Exploiting the mundane
The exact V*O*D numbers are far (far!) from natural laws, but when I ran the same algorithm on data from other grand slams, the contours were nearly the same. In the 2017 and 2018 US Opens, for instance, 40-AD and 0-0 were again the standout “underperforming” points, and 0-0 was the one that topped the list.
* I took a rudimentary look at this topic very early in the blog’s history, using data from 2011. 0-0 didn’t stick out to the same degree, but I didn’t control for the deuce/ad difference, as I have today. When accounting for deuce-court strength, 0-0 performance looks relatively worse.
All of which is to say: I can’t explain why this is a thing, but it sure looks like it’s a thing. And if it’s a thing, it looks like an opportunity for savvy players and coaches.
I’m perfectly happy to accept that servers struggle to maintain their focus (and perhaps their ability to surprise) at 40-AD. More importantly, I’m sure that players and coaches are very aware of the necessary mental gymnastics so deep in a game.
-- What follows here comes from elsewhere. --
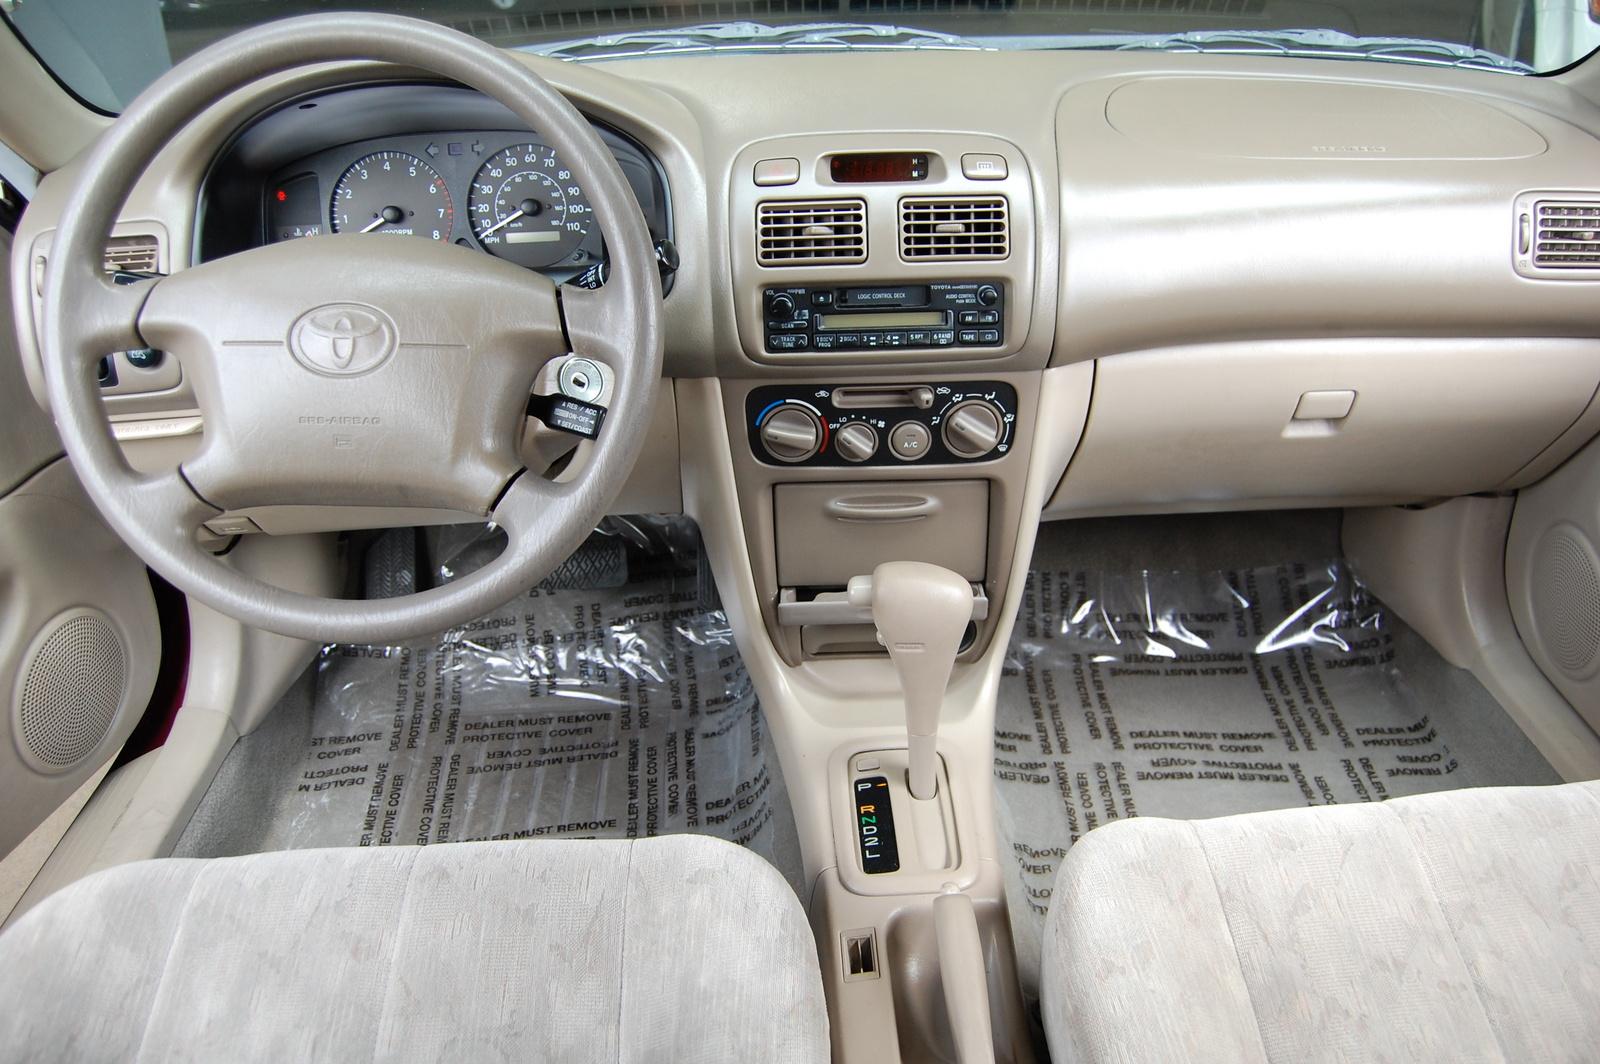 1998 Toyota Corolla Interior Pictures Cargurus

On the other hand, there’s no good reason that servers should underperform at the start of every game. In fact, I’d be more ready to accept the idea that servers would have the edge. The opponent hasn’t seen a serve for a few minutes (or more), and the server’s arm is (relatively) fresh. While it’s not a recipe for domination, it sounds like a recipe for a tiny edge that the server can build on.
That’s why I believe there’s something to be exploited here. Perhaps players–or at least some of them–are taking a bit off their first-point first serves, using the opening salvo as a mini-warmup. Maybe they are more willing to hit their second-best serve, or aim to the returner’s stronger side, as a tactical move to set up more effective serves later in the game. As I’ve said, I don’t know why the numbers are turning up this underperformance, but it’s clear there’s a gap to be closed.
There’s no magic in the first point, but there’s an awful lot of value. Players who serve up their best stuff at the beginning of the game are getting an edge that their peers ought to be developing, too.